Somehow, people still managed to fly on the firm and fast rip along the base of the Silver Island Mountains back to the finish. The trail was wide and firm, narrowing to a thin strip of gravel broken by water bars as it scooted 16 miles back to the finish. Riders rounded past Danger Cave, where airmen had partied in the days before air conditioning and were faced with one last loose climb: Aria “Blvd,” a one-mile gravel monster featuring sand, pea gravel, exposed bedrock, and pain. Finally at the top, riders passed the Wendover cemetery (ok, writing this, it’s suddenly weird to me how close the elementary school is to the cemetery) and through the finish at Ana Smith Elementary, finally on solid ground again. When the dust settled (HAHAHAHAHAHHAHAHAHAHAHHA), Maya Dixon (Reno Devo) and Tanner Visnick (Steamboat Ski & Bike Kare) posted the fastest times in the 100-miler, at 6:52:55 and 5:39:33, respectively.

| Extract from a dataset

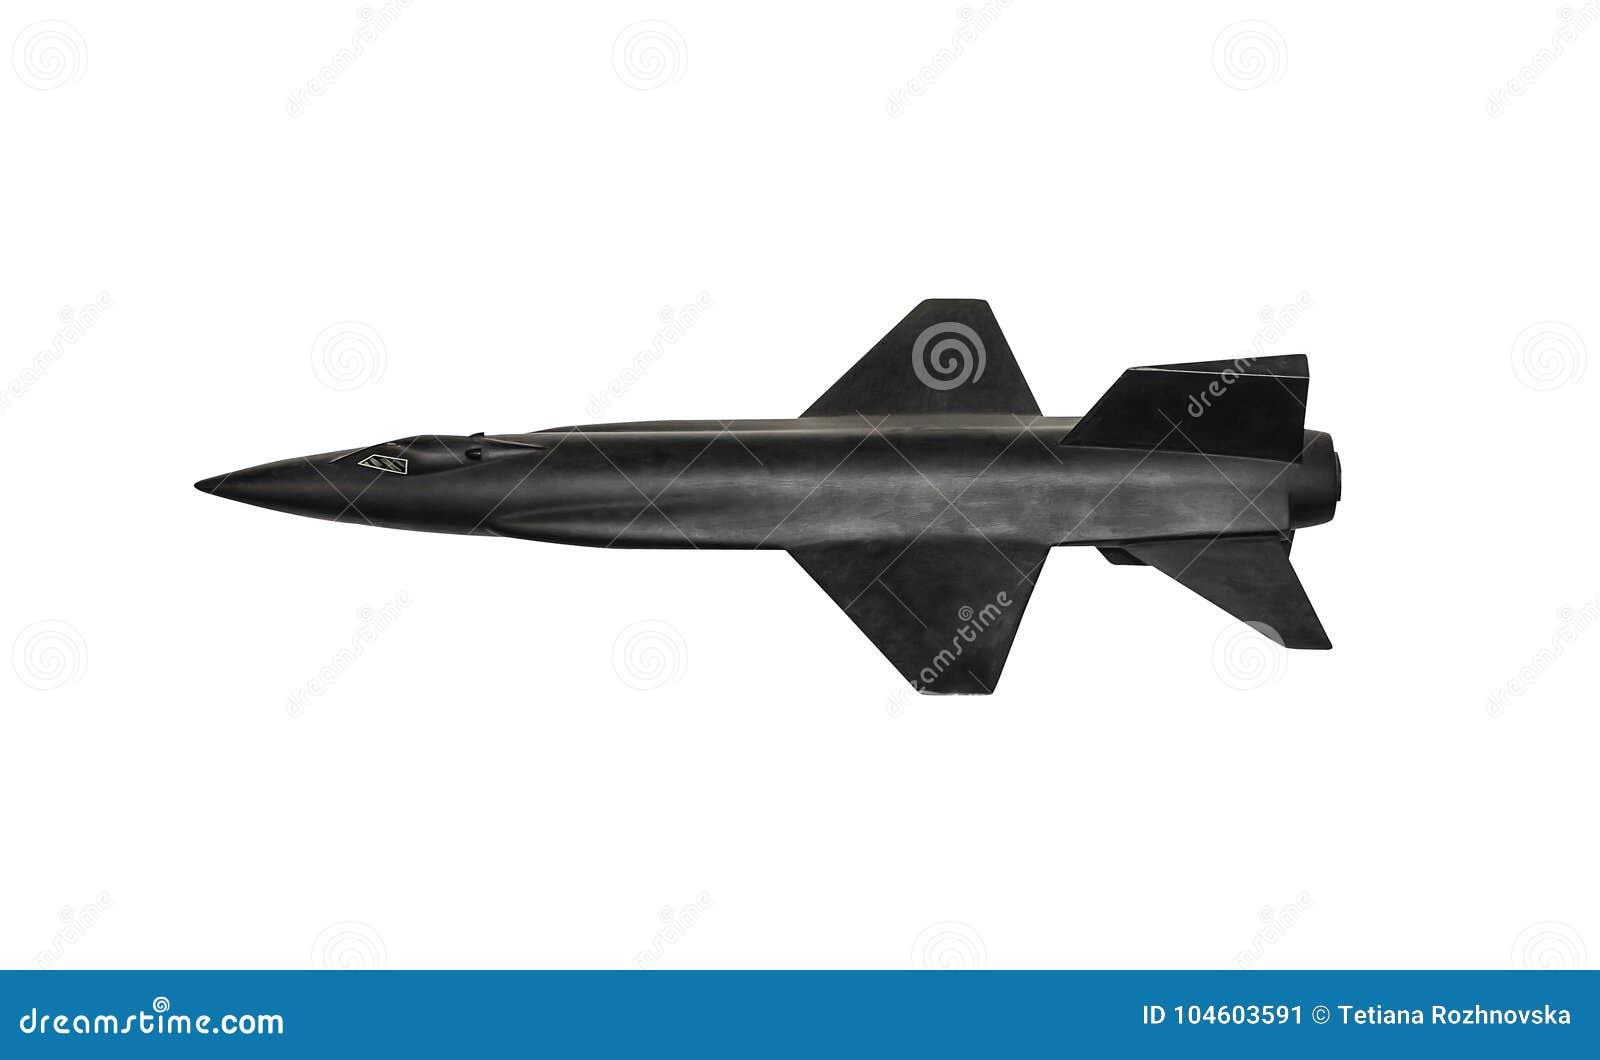 Modelo de um foguete militar em um fundo branco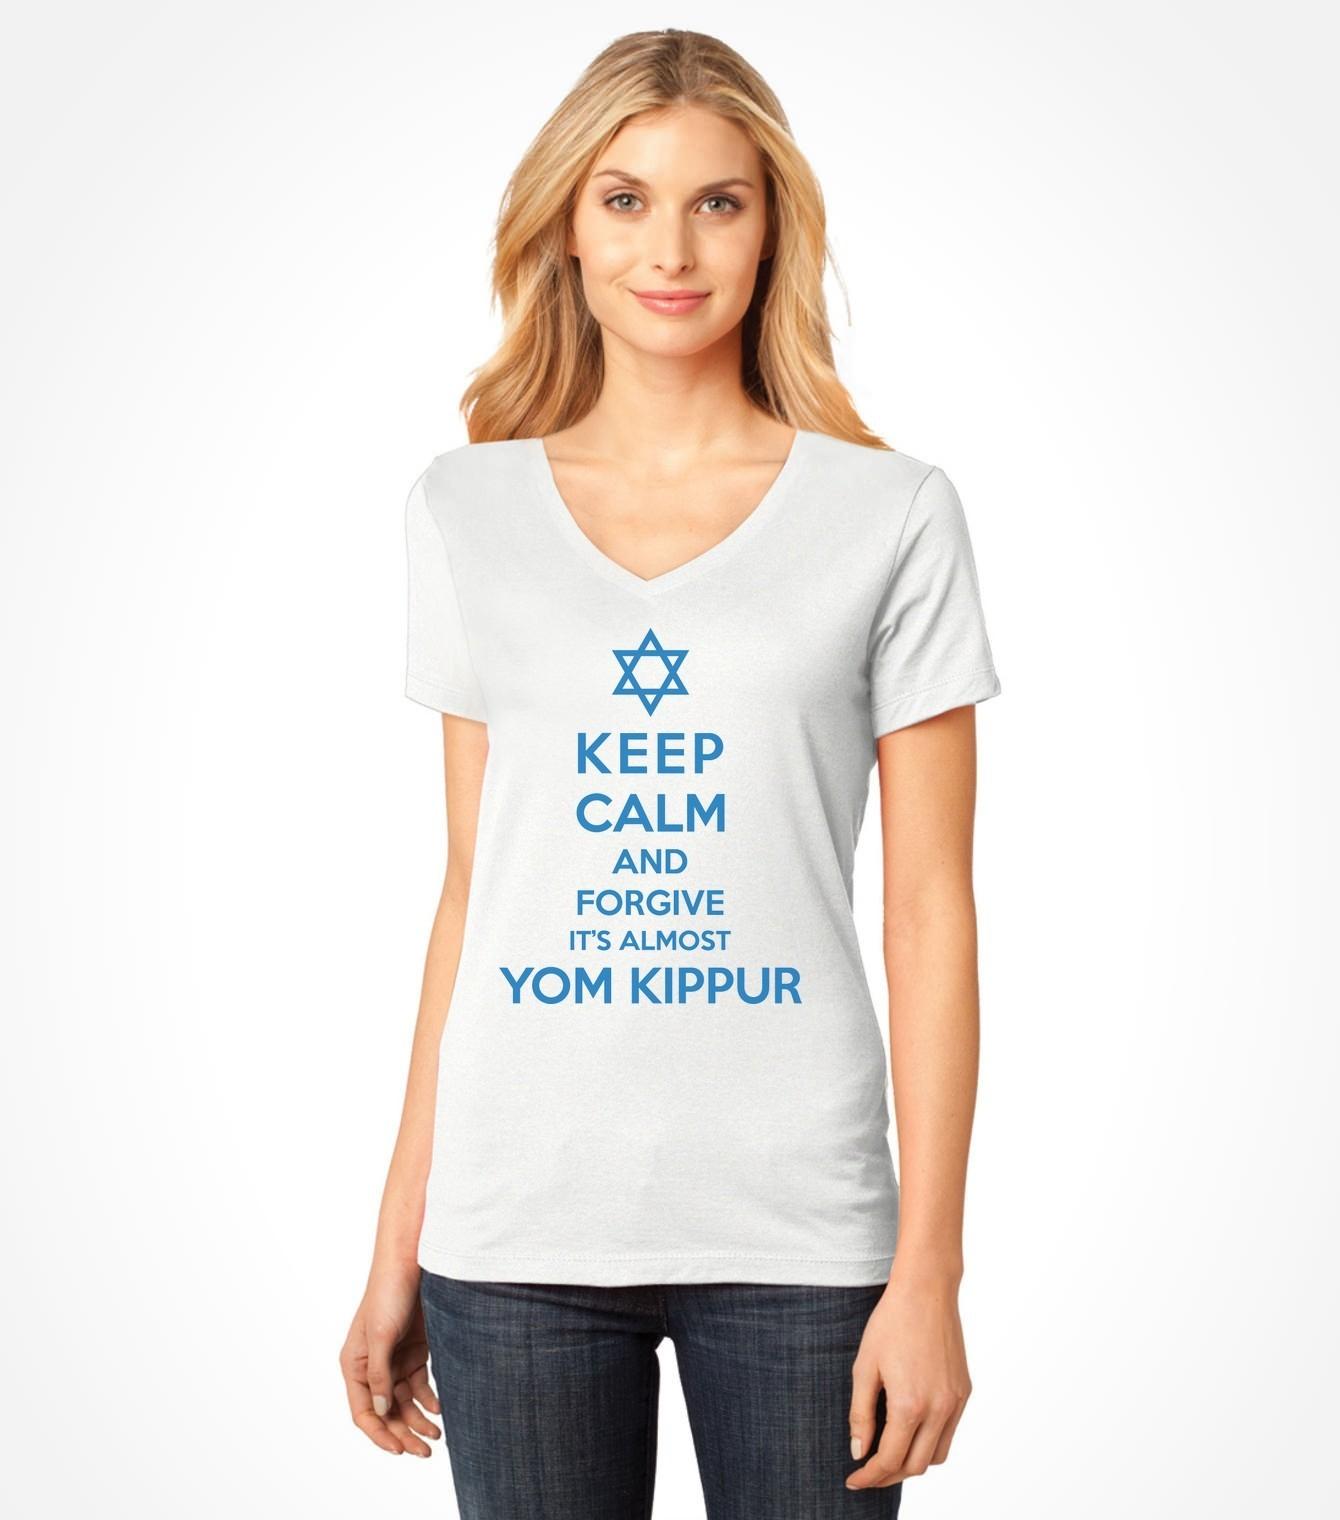 yom kippur - photo #18

Now, the normal reaction to all this would be “WTF was that?!” However, spirits were high downhill back at the airbase, where riders were directed after the finish to keep them from clumping. Smiles reigned, and a collective “WTF did I just do?” seemed to hang in the air for the podium presentations and the bike drive, as powdered-white riders watched MTB luminary Juarez give away free bikes to ecstatic area children, thanks to a partnership with Free Bikes 4 Kidz. Despite the best efforts of 2020 to thoroughly screw up the racing calendar, and lives generally (in that order of importance), the inaugural Salty and Stupid Gravel Fest happened and, most importantly, no one died. And we’re doing it all again next year!
Hopefully no one had to pay ($) for that abuse!
Oh you know they did. Hahahaha!!!!
Handsomely! That’s some top-$$$ abuse, that!
-Management
It was a giant cyclocross race, and it was AWESOME! (Even though I finished last in the 60 miler)
Its the least $ per mile I have paid for a gravel event yet!